Ouverte par le préfet de la région du Tchologo et du département de Ferkessédougou, Kouamé Koffi, cette session se tient dans le cadre d'un projet pilote d'appui au processus de certification de la filière Karité en Côte d'Ivoire. Quelque 300 actrices de la filière karité de la région du Tchologo y prennent part.

La secrétaire générale de l'association filière karité de Côte d'Ivoire et coordonnatrice du projet d'appui à l'autonomisation de la femme de la filière karité, Mme Gonahiri Edwige Amonde, a indiqué qu'il s'agit d'un projet financé par ONU-Femmes. "Cette formation porte sur les bonnes pratiques de production des amandes de karité et également sur les bonnes pratiques pour la transformation du beurre de Karité certifié biologique", a-t-elle précisé.

"Lorsqu'on parle de certification, on parle de qualité.
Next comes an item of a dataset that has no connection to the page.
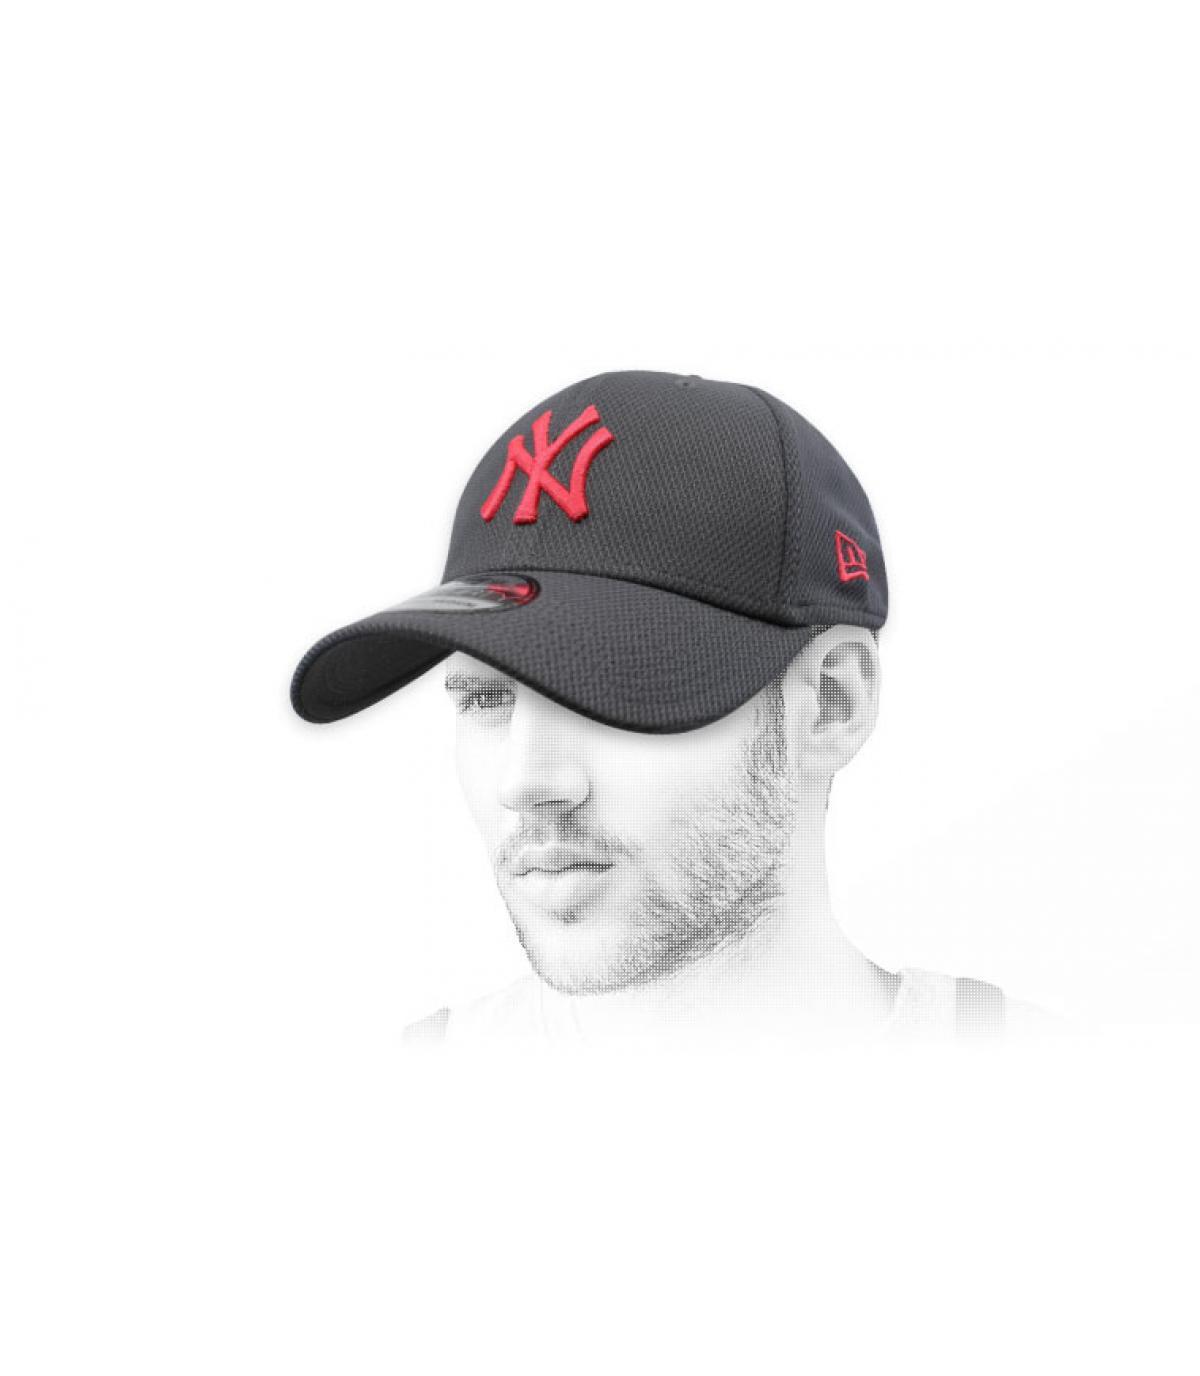 casquette NY gris rouge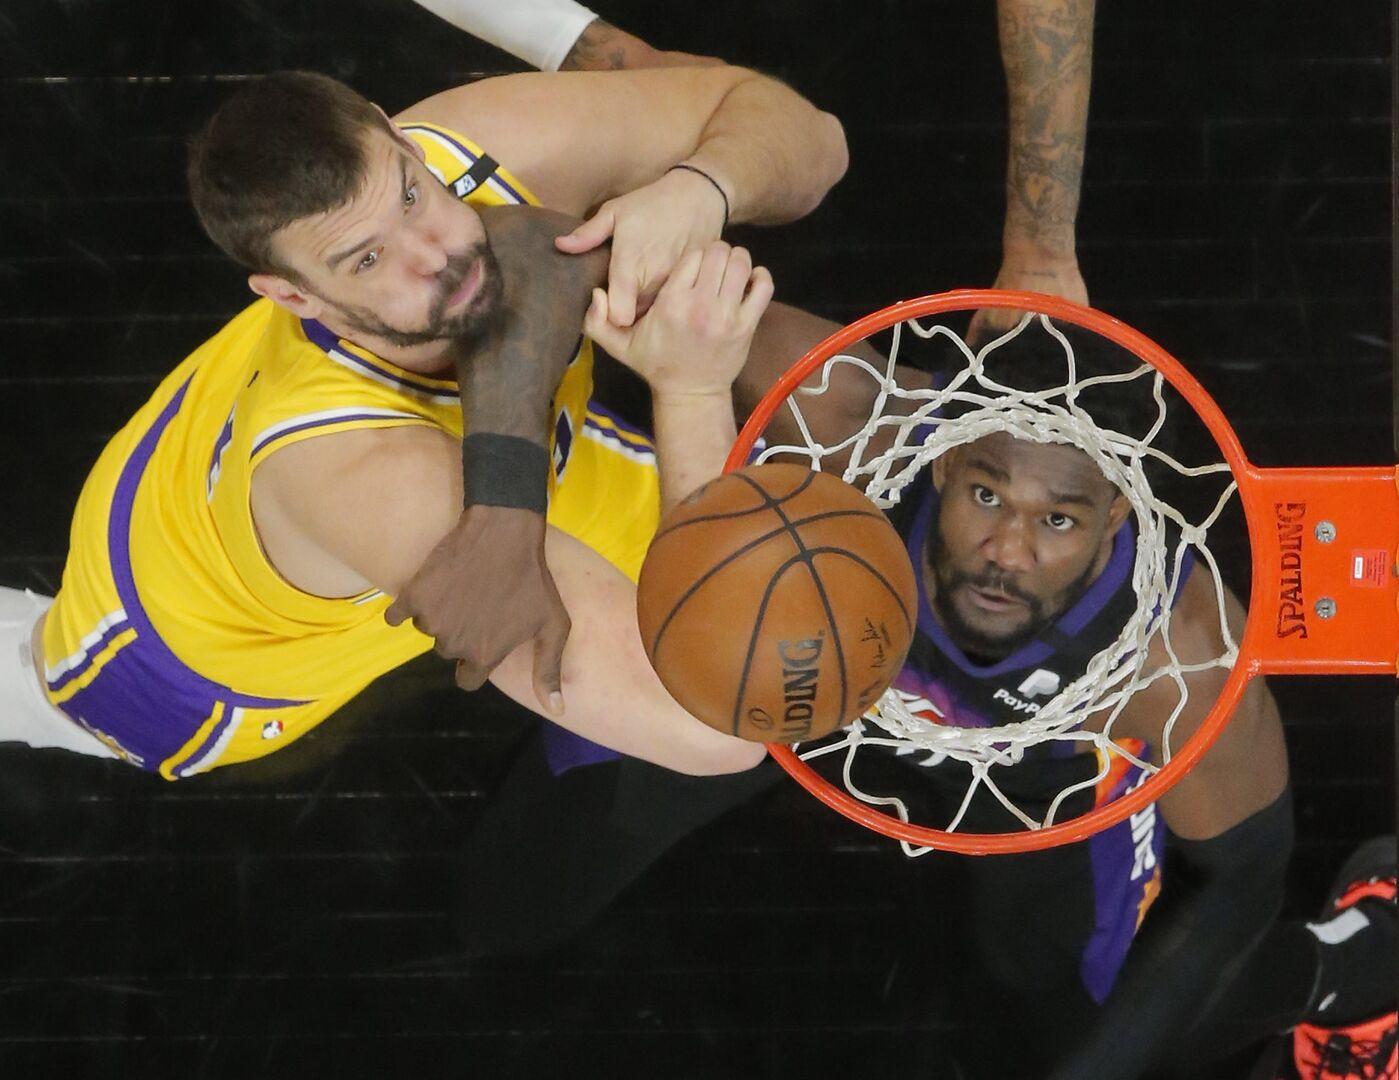 Los Suns humillan a unos Lakers al borde del abismo (115-85) - Libertad  Digital

Et quand on parle de qualité, on parle de marchés plus rémunérateurs tels que les États-Unis, l'Europe, le Japon, la Chine, etc.", a poursuivi Mme Gonahiri, notant que la demande de beurre de karité est pratiquement mondiale.

"Non seulement nos populations locales aiment le beurre de karité et l'utilisent au quotidien, mais c'est un produit à multiples usages car utilisé dans les secteurs industriels tels que l'alimentaire, la cosmétique, la pharmaceutique, l'industrie de la peinture et bien d'autres encore", a-t-elle soutenu.

La certification concernant toute la chaîne de valeurs, la formation pratique a concerné d'abord les ramasseuses, les toutes premières actrices de la filière (300 actrices).

"Quand on parle de certification, c'est le karité issu des zones sauvages. Où il n'y a pas de parcelles cultivées, où il n'y a pas d'agriculture. Ce karité-là se trouve dans les parcs, les réserves, dans les zones classées", a insisté la coordonnatrice du projet. Cette population cible du projet a été initiée aux bonnes pratiques de ramassage des fruits en zones sauvages, de dépulpage, de cuisson des noix, de séchage, de conditionnement, etc.

La journée du mercredi va concerner la deuxième cible du projet notamment les 25 transformatrices de la société coopérative "Womiengnon" qui possède une unité semi-industrielle d'une capacité journalière de 500kg car la certification concerne tous les maillons de la chaîne de valeurs, a fait savoir la secrétaire générale de la FIKA-CI.

"Cet équipement avait été revu par ONU-femmes dans une mission précédente. Nous allons procéder à la mise à jour de ces équipements, notamment le revêtement en Inox pour que la production de ce karité soit vraiment propre et réponde aux normes", a t-elle assuré.

Répondant à l'appel de la présidente de la FIKA-CI, Mme Camara Fatou, les autorités administratives et élus de la région s'engagent à apporter leur soutien à ce projet pilote dont la réussite permettra la vulgarisation de la production du beurre de karité bio dans les neuf régions productrices en Côte d'Ivoire.